Thirdly, the proposal appears to be a change of approach to data protection. It suppresses the obligation for controllers (data processors) to notify the supervisory authority of their intention to process personal data prior to its realization (Art. 18, DPD 95/46/EC). In the proposal, the controller remains responsible for the security of the processing. He will have to comply with the Regulation’s provisions and to notify any breach to the supervisory authority (Art. 5(f), 22, 29 et seq. GDPR 2012). Only afterwards will the supervisory authorities’ control take place.

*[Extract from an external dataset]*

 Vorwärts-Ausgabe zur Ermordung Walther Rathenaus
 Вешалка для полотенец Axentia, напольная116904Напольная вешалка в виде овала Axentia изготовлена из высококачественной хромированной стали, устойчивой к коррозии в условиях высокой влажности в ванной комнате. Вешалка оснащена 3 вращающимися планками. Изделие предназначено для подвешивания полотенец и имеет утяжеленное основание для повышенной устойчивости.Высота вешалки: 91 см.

However, this deregulation does not apply to certain special categories of data which “reveal race or ethnic origin, political opinions, religion or beliefs, trade union membership and the processing of genetic data or data concerning health or sex life or criminal convictions or related security measures” (Art. 9(1), GDPR 2012). These special categories of data are treated differently to the rest to protect the individual’s privacy. And in comparison to the definition of the “special categories of data” provided in 1995, the Regulation recognizes a new category: genetic data.